In-Depth Technical Document on the CrowdStrike BSOD Incident
Introduction
On July 19, 2024, a critical incident involving CrowdStrike's Falcon® sensor update led to widespread Blue Screen of Death (BSOD) issues on Windows systems globally. This document provides an in-depth analysis of the incident, including historical context, technical breakdown, remediation steps, mapping to the NIS 2 Directive, and recommendations for future prevention.
Historical Context
In 2010, George Kurtz, then CTO of McAfee, faced a significant issue where a faulty update caused McAfee to misidentify the critical system file svchost.exe
as a virus. This misidentification led to widespread crashes on Windows XP systems, resulting in the infamous Blue Screen of Death (BSOD). This incident significantly impacted McAfee, contributing to its subsequent sale to Intel.
Fourteen years later, in 2024, George Kurtz, now CEO of CrowdStrike, faced a similar challenge. A CrowdStrike Falcon® sensor update caused Windows systems to crash globally, reviving the dreaded BSOD. This recurrence underlined the importance of rigorous update testing and robust incident response mechanisms.
Incident Summary
On the morning of July 19, 2024, many Microsoft Windows users around the world experienced the Blue Screen of Death (BSOD) following a new update from CrowdStrike. The issue stemmed from a logic error in the CrowdStrike Falcon sensor update, leading to a null pointer dereference in the csagent.sys
driver. This caused Windows hosts running Falcon sensor versions 7.15 and 7.16 to crash.

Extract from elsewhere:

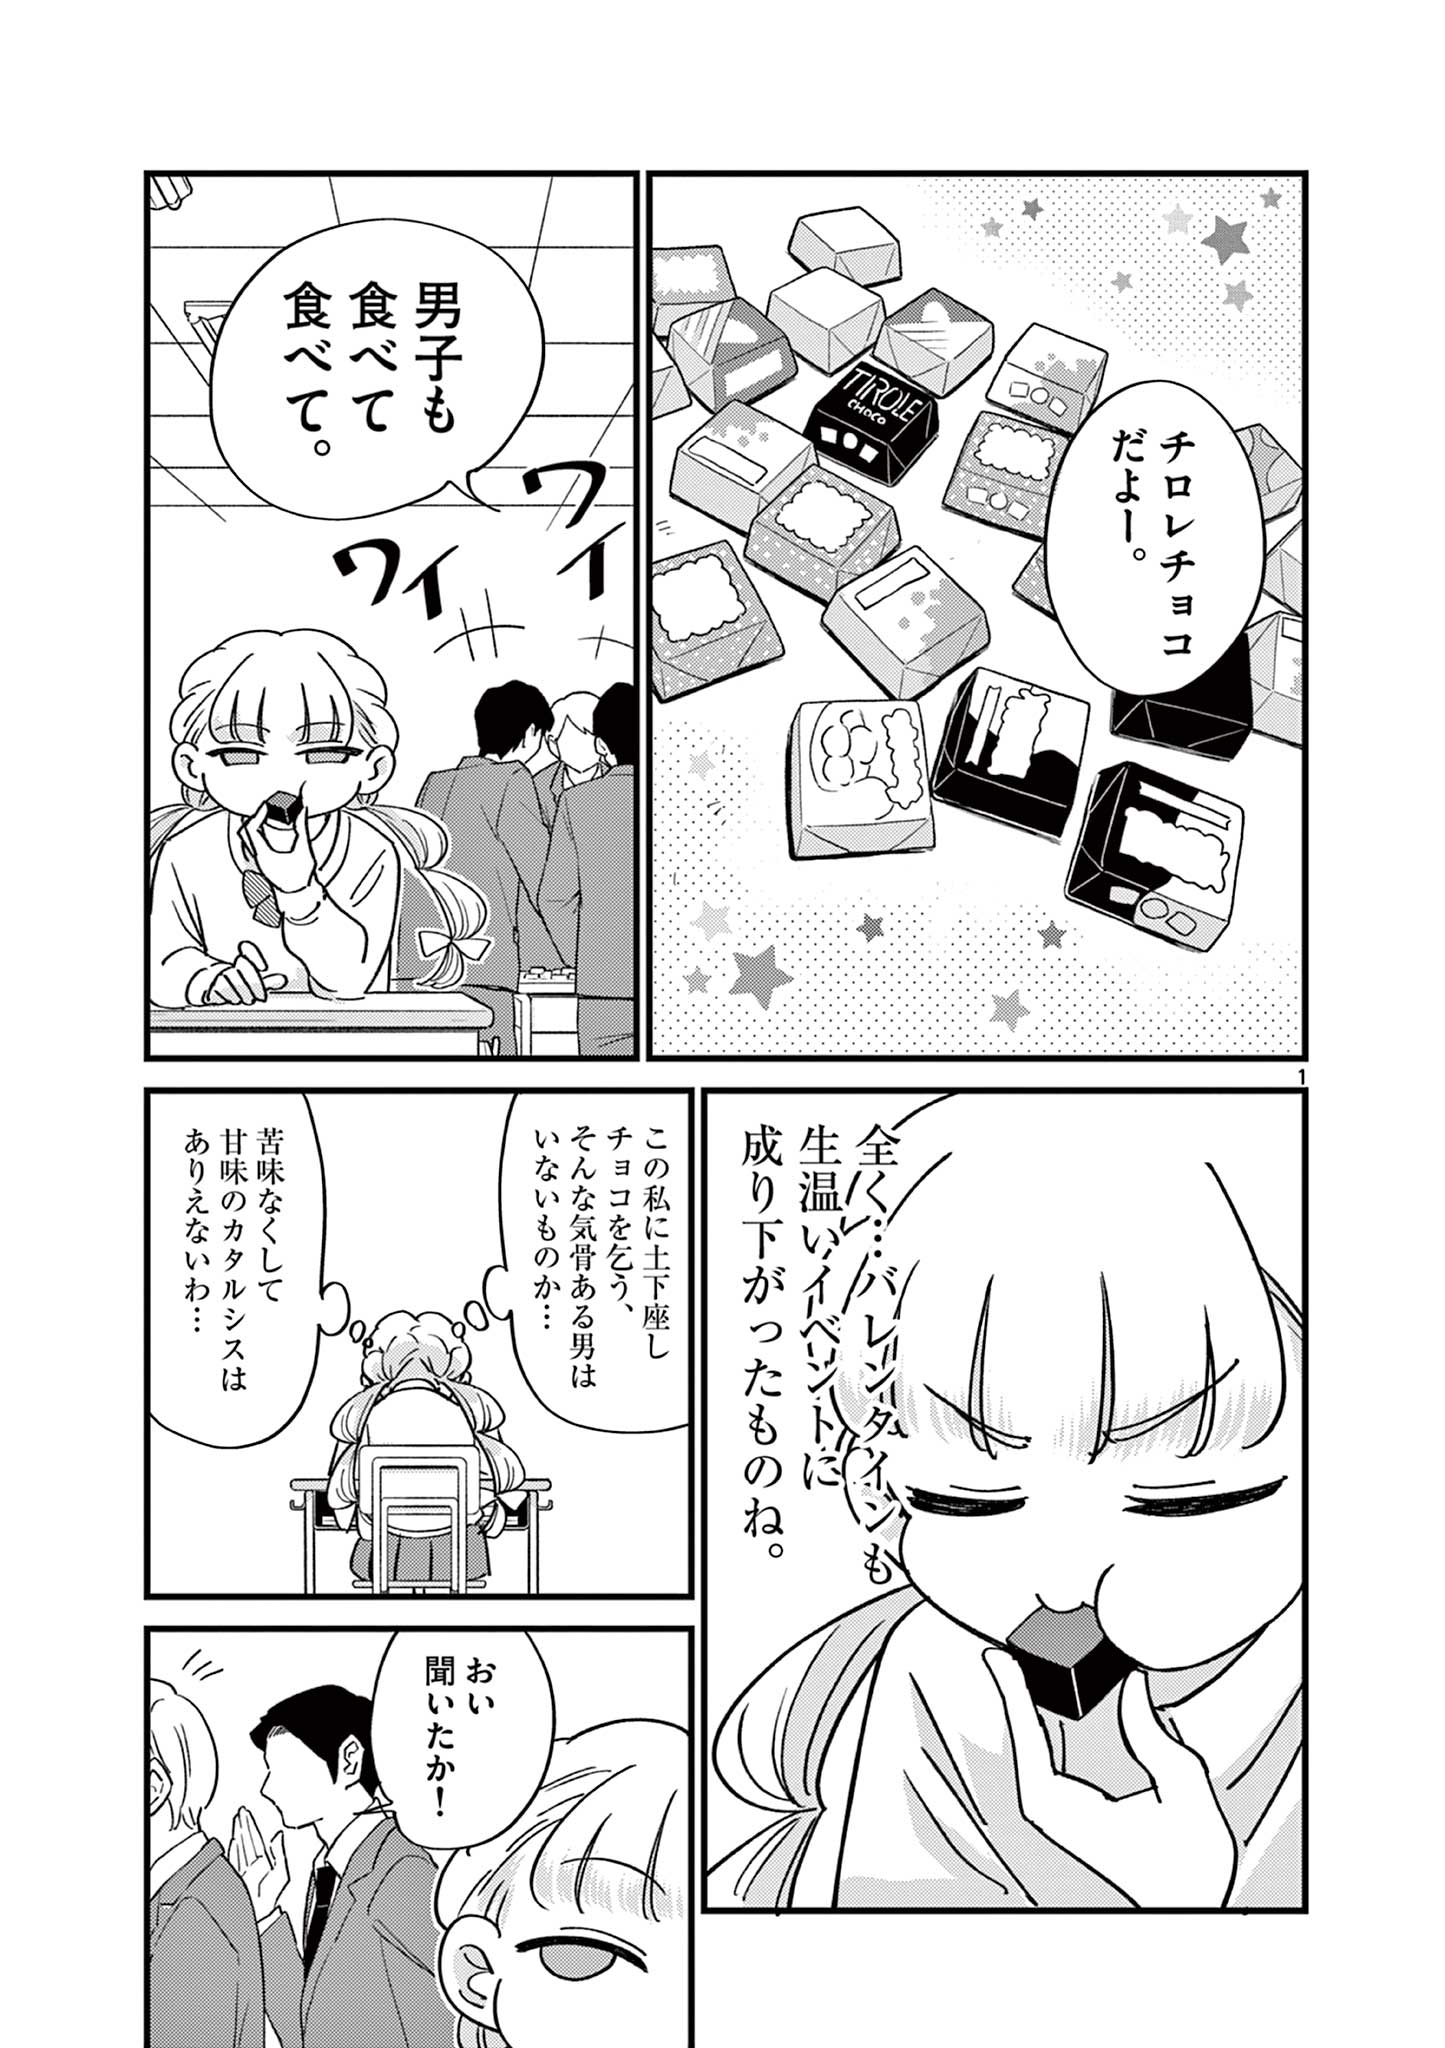 Ranka-chan wa Bitch ni Naritai - Chapter 21 - Page 1

The BSOD affected various critical sectors, including telecommunications, banking, airlines, railways, supermarkets, hospitals, and news networks, highlighting the widespread impact of such software failures.
Insider Stock Sale
In addition to the technical details, it's important to note that CrowdStrike's Chief Security Officer, Shawn Henry, sold 4,000 shares of CrowdStrike stock on July 15, 2024, just days before the incident. This sale totaled approximately $1.485 million, at an average price of $371.32 per share. The sale was part of a prearranged 10b5-1 trading plan established on December 20, 2023, which is designed to prevent insider trading by allowing insiders to set up predetermined plans for selling stock. Following the transaction, Henry still owns 183,091 shares, including unvested restricted stock units.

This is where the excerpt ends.